C’è un fenomeno umano, molto umano, che in Italia chiamiamo saltare sul carro del vincitore. Significa schierarsi con chi sta vincendo o ha già vinto. L’abbiamo visto tante volte. Ma se a farlo è uno dei padroni del mondo digitale come Mark Zuckerberg, proprietario di Meta (cioè, di WhatsApp, Instagram, Facebook e Messenger), allora la questione diventa inevitabilmente anche politica. Anche perché - come vedremo fra poco - ha ricadute pratiche che riguardano tutti. Anche noi italiani. Ed è a questo punto che la vicenda si complica. Perché sarebbe troppo semplice vedere Zuckerberg come l’ennesimo potente che per interesse si piega a uno più potente di lui. E lo fa anzitutto per non far perdere soldi e potere al suo impero. Perché gli serve, perché (probabilmente) non può farne a meno. E perché non può rischiare che Elon Musk si prenda tutto il meglio (e tutto il potere) della nuova stagione politica americana. Quella che si muove dietro lo slogan Make America Great Again (Rendiamo l’America di nuovo grande). Dove grande significa soprattutto ricca e potente. Anche nel digitale.
Il punto non è che Zuckerberg apra le porte del suo Consiglio di amministrazione a soggetti vicini o non invisi a Trump. Preoccupa invece che il fondatore di Facebook abbia deciso di seguire Musk nella sua corsa a lasciare spazio sui social anche alle voci più estremiste e pericolose, non prima di avere penalizzato le principali fonti di informazione.

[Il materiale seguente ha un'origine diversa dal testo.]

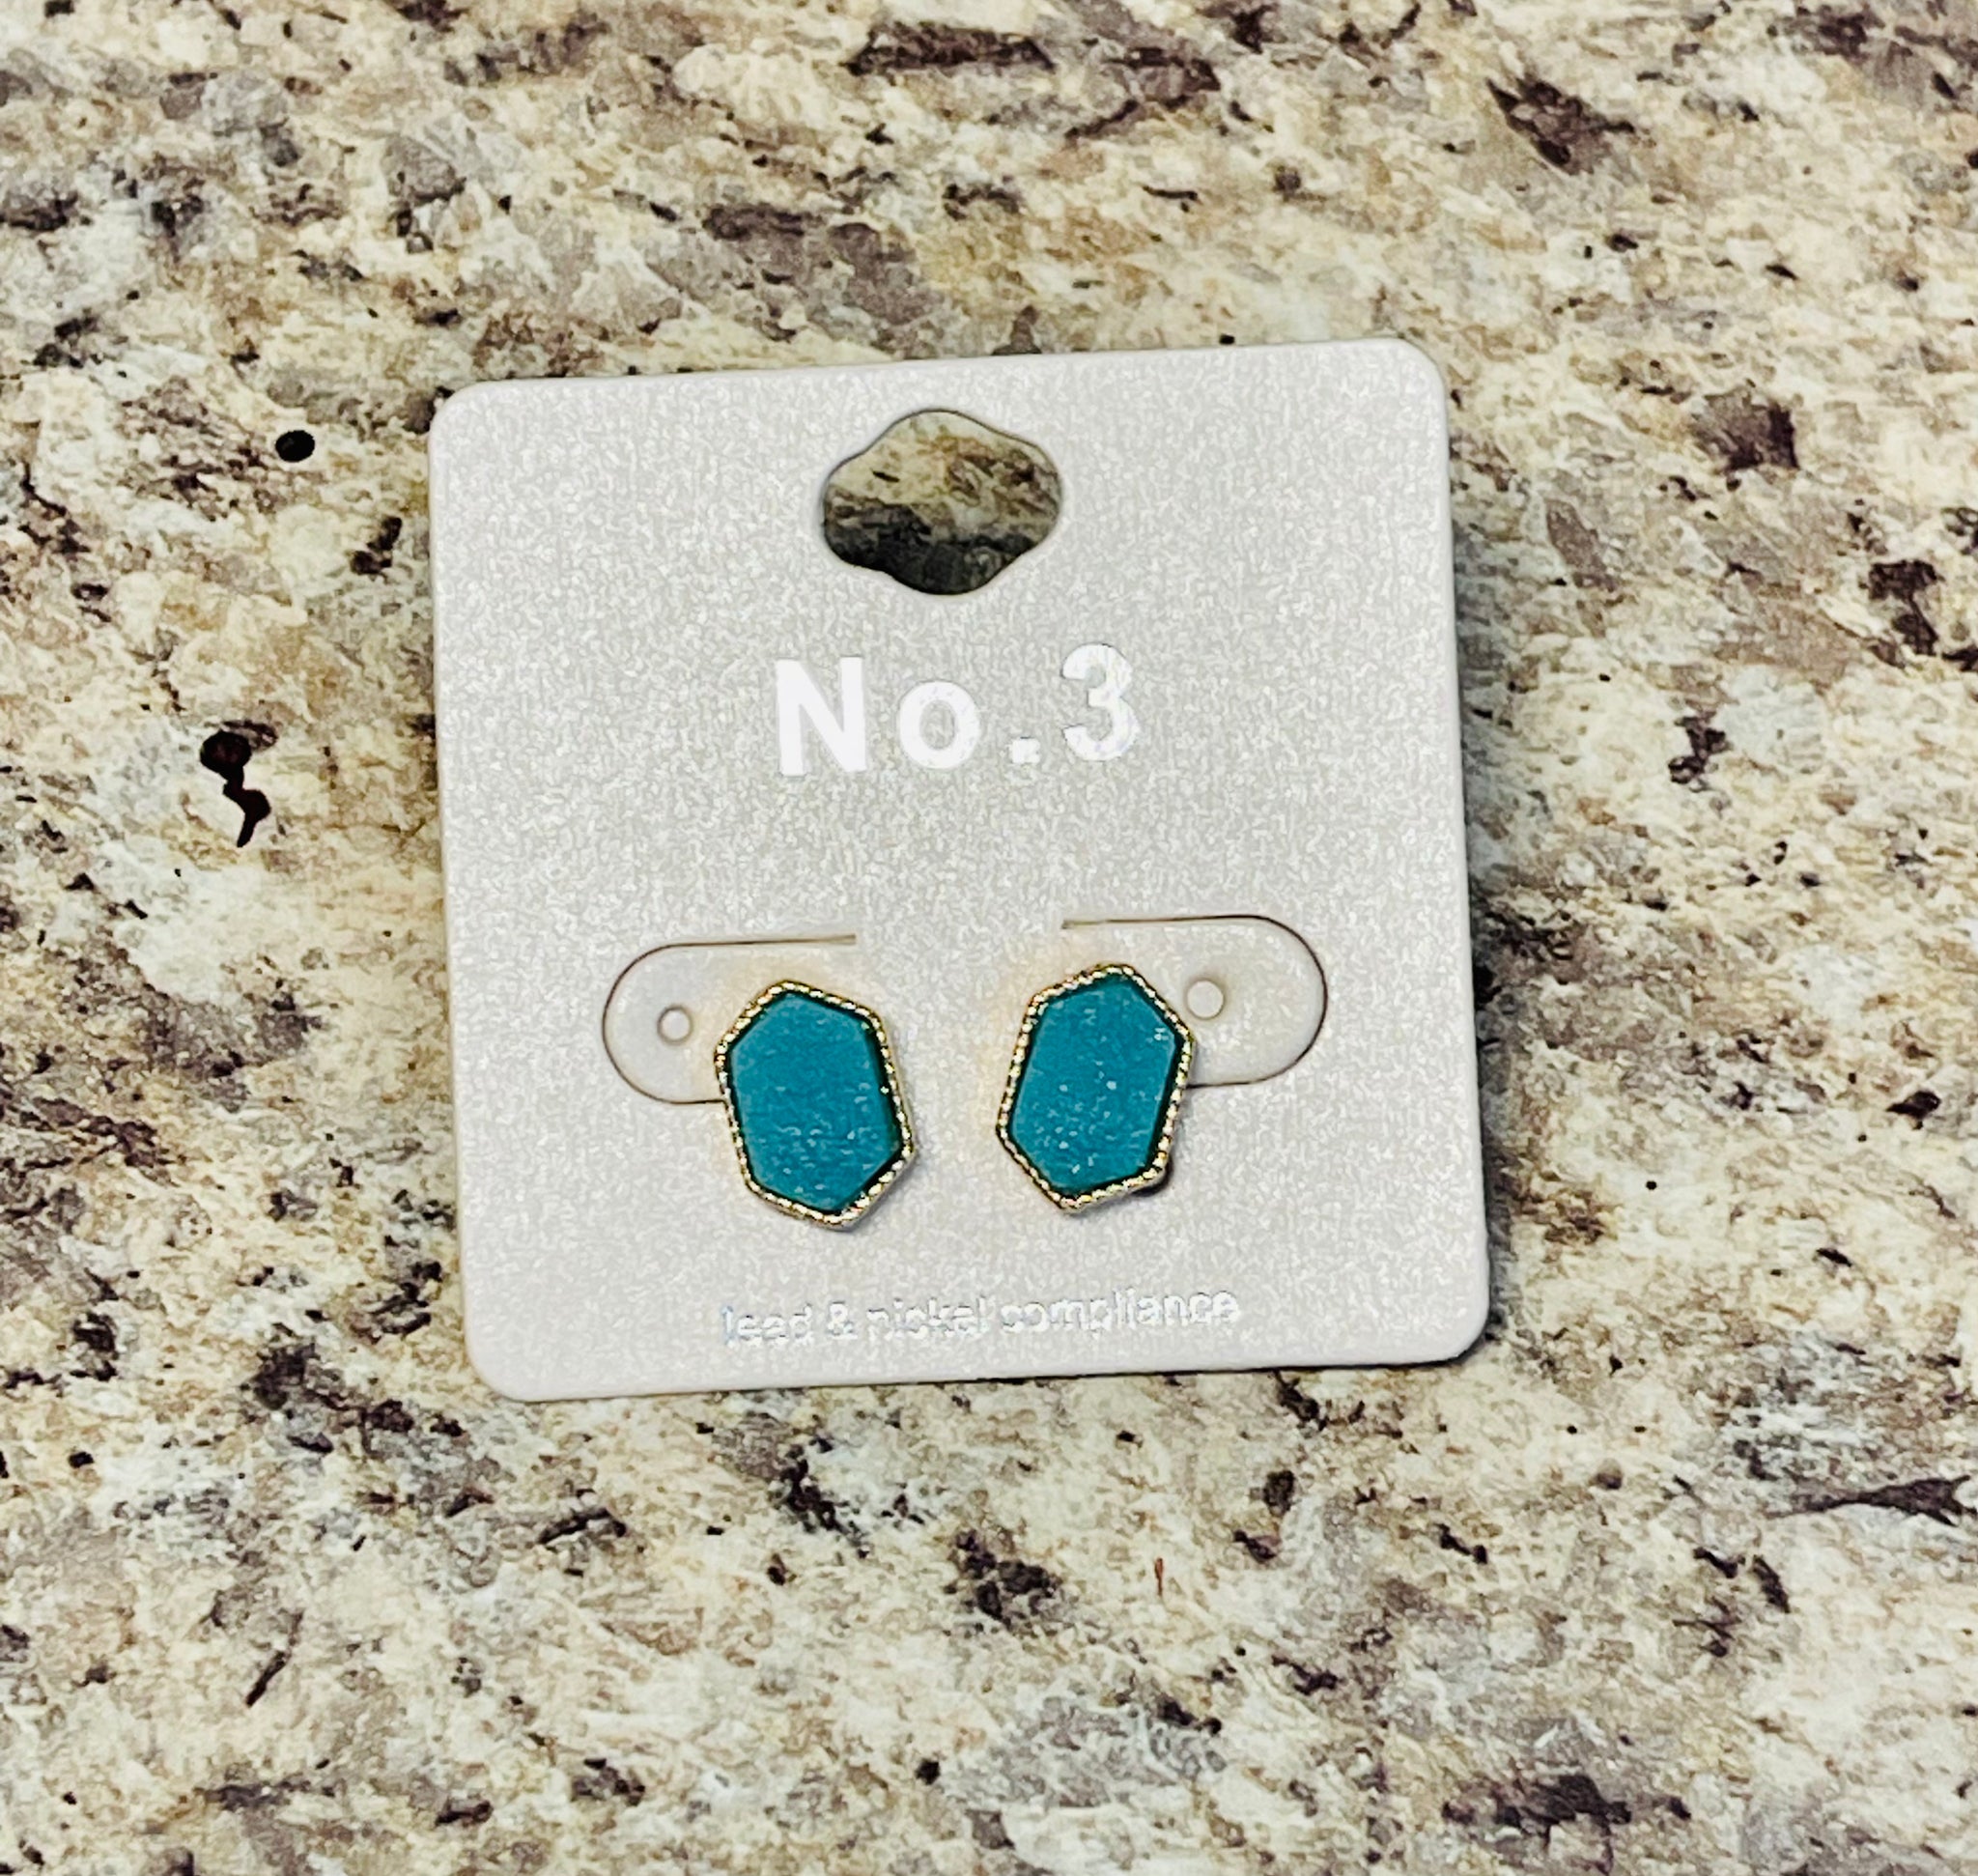 Turquoise dainty druzy earrings

Comunque la si pensi politicamente, infatti, non è una buona notizia che Meta abbia deciso di eliminare sui suoi social il fact-checking (cioè, il controllo della veridicità dei fatti), annunciando di averlo fatto «per combattere la censura». Il tutto copiando lo stile di X, l’ex Twitter di proprietà di Elon Musk. Dire di voler «abbracciare la libera espressione» è una cosa importante. Peccato che il dibattito e la libera espressione sui social non siano neutri, ma vengano governati dagli algoritmi decisi dalle piattaforme e dalle nostre debolezze umane, finendo col premiare chi urla, provoca di più e aggredisce gli avversari. Così il dibattito e la libera espressione diventano un paravento che nasconde un interesse non solo politico, ma anche economico. Perché riuscire a far funzionare il fact-checking su un social con milioni o addirittura miliardi di iscritti in tutto il mondo come Meta richiede mezzi tecnologici sempre più potenti. E sempre più moderatori anche in carne e ossa. Un sistema costosissimo.
Cavalcare la «libertà di espressione» è quindi un ottimo modo di usare lo scontro per aumentare le risse sui social, facendo di fatto anche "spettacolo" e quindi attirando l’attenzione degli utenti, in un mondo come quello digitale dove il nostro tempo e la nostra attenzione sono la vera moneta insieme ai nostri dati. Ma è allo stesso tempo un ottimo stratagemma per risparmiare un sacco di soldi e per togliersi dalle spalle la responsabilità di fronte alla disinformazione, alle bugie e al peggio del peggio che alberga sulle proprie piattaforme. Perché se Musk e Meta scelgono apertamente questa strada, significa che anche TikTok (che, vedrete, alla fine si salverà dal rischio di dover lasciare gli Usa o vendere) presto potrà accodarsi. Ma se sui social vale e varrà tutto, alla fine i corretti e chi persegue la verità finiranno inevitabilmente in minoranza. Anzi, in una minoranza così risicata che sembrerà non esistere più. Col risultato che anche chi oggi crede di avere vinto, avrà in realtà perso.